La storia di Eugenie, stimata cuoca, e di Dodin, il raffinato gourmet con cui ha lavorato per 20 anni. Un film distante anni luce dalla logica dei moderni cooking game. In concorso a Cannes e prossimamente al cinema.
di Giancarlo Zappoli
Sul finire del XIX secolo in Francia Eugenie, cuoca sopraffina, e Dodin-Bouffant, famoso gastronomo, lavorano fianco a fianco da vent’anni. Il loro è un rapporto di reciproca fiducia che progressivamente si è trasformato in una relazione sentimentale. Eugenie però si ritrae dinanzi all’idea che si consolidi in un matrimonio. Lui però non ha intenzione di arrendersi e si muove, per ottenere il risultato desiderato, sul terreno che li accomuna: la cucina.
Il rapporto tra cinema e cibo è ormai di lunga data ma un film come quello diretto da Tran Anh Hung segna decisamente una svolta in quello che è diventato quasi un sottogenere.
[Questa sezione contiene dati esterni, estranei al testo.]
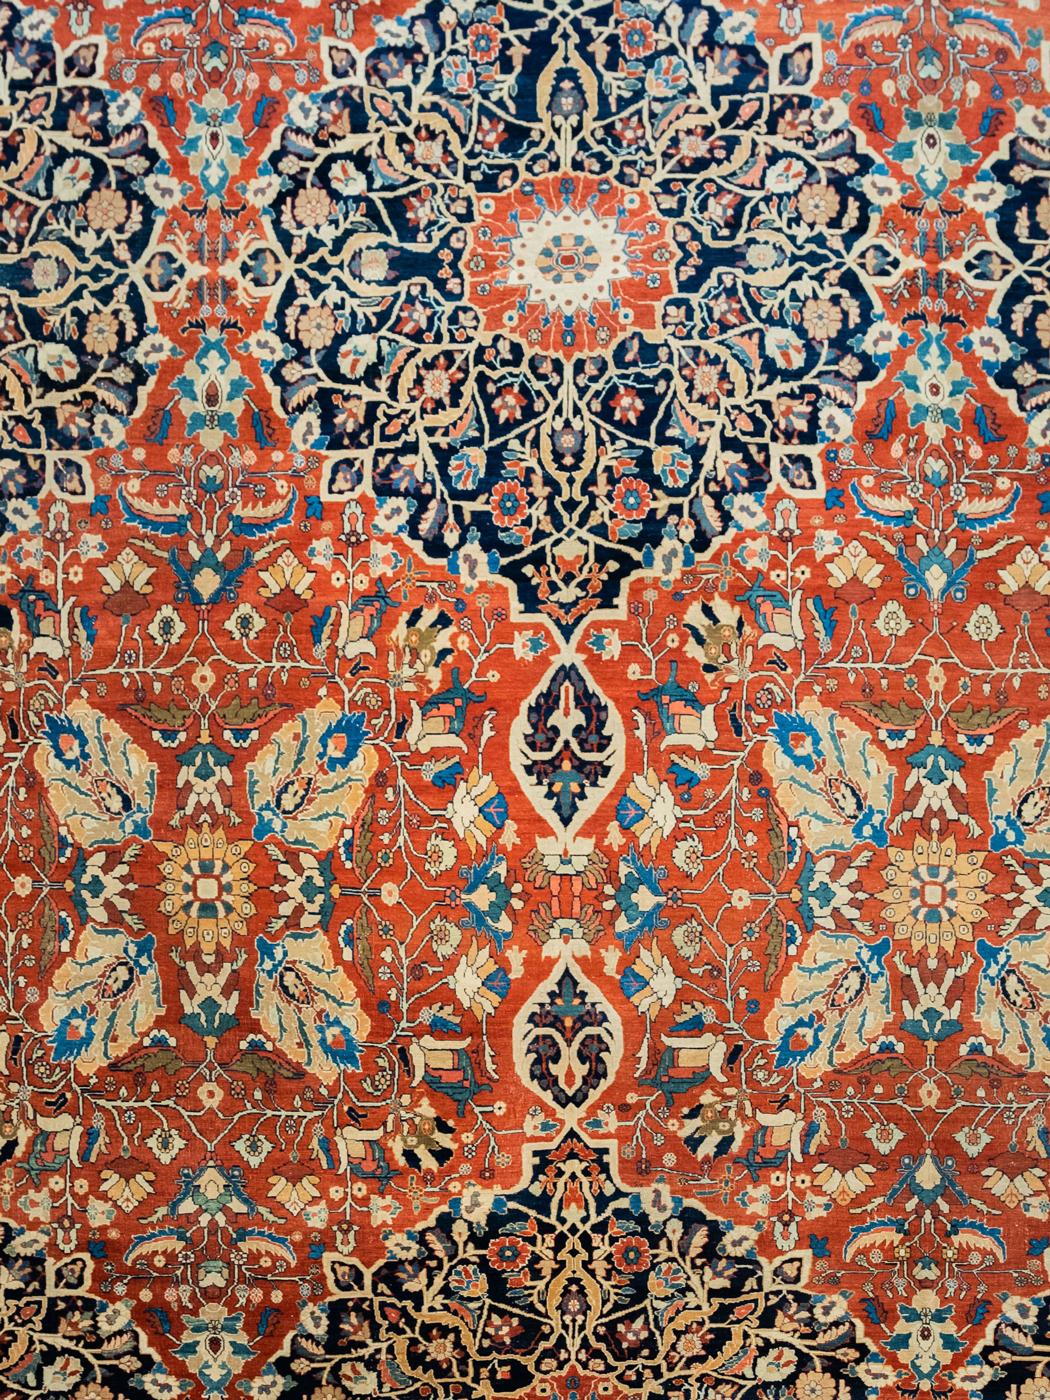 In classic and vibrant shades of bright red, cream, indigo, and black wool, this multi-colored Farahan carpet measures 12’3” x 17”, and was woven circa 1880. Constructed with a traditional Persian weave on a cotton foundation, this carpet’s pile

Fin dalle prime inquadrature, e per l’intera durata del film, vegetali, carni e tutto ciò che contribuisce alla riuscita di un piatto (ivi compreso un profluvio di pentole in rame) sono al centro dell’inquadratura e vengono portati sullo schermo grazie ad uno sguardo che è al contempo tecnicamente attento e sensorialmente partecipe.
Su questo pentagramma sensoriale si sviluppano le note di un autunno della vita che vede due persone (una delle due preferisce l’estate mentre l’altra finisce con l’amarle tutte) comunicarsi sentimenti attraverso l’attenzione che mettono nella preparazione dei piatti.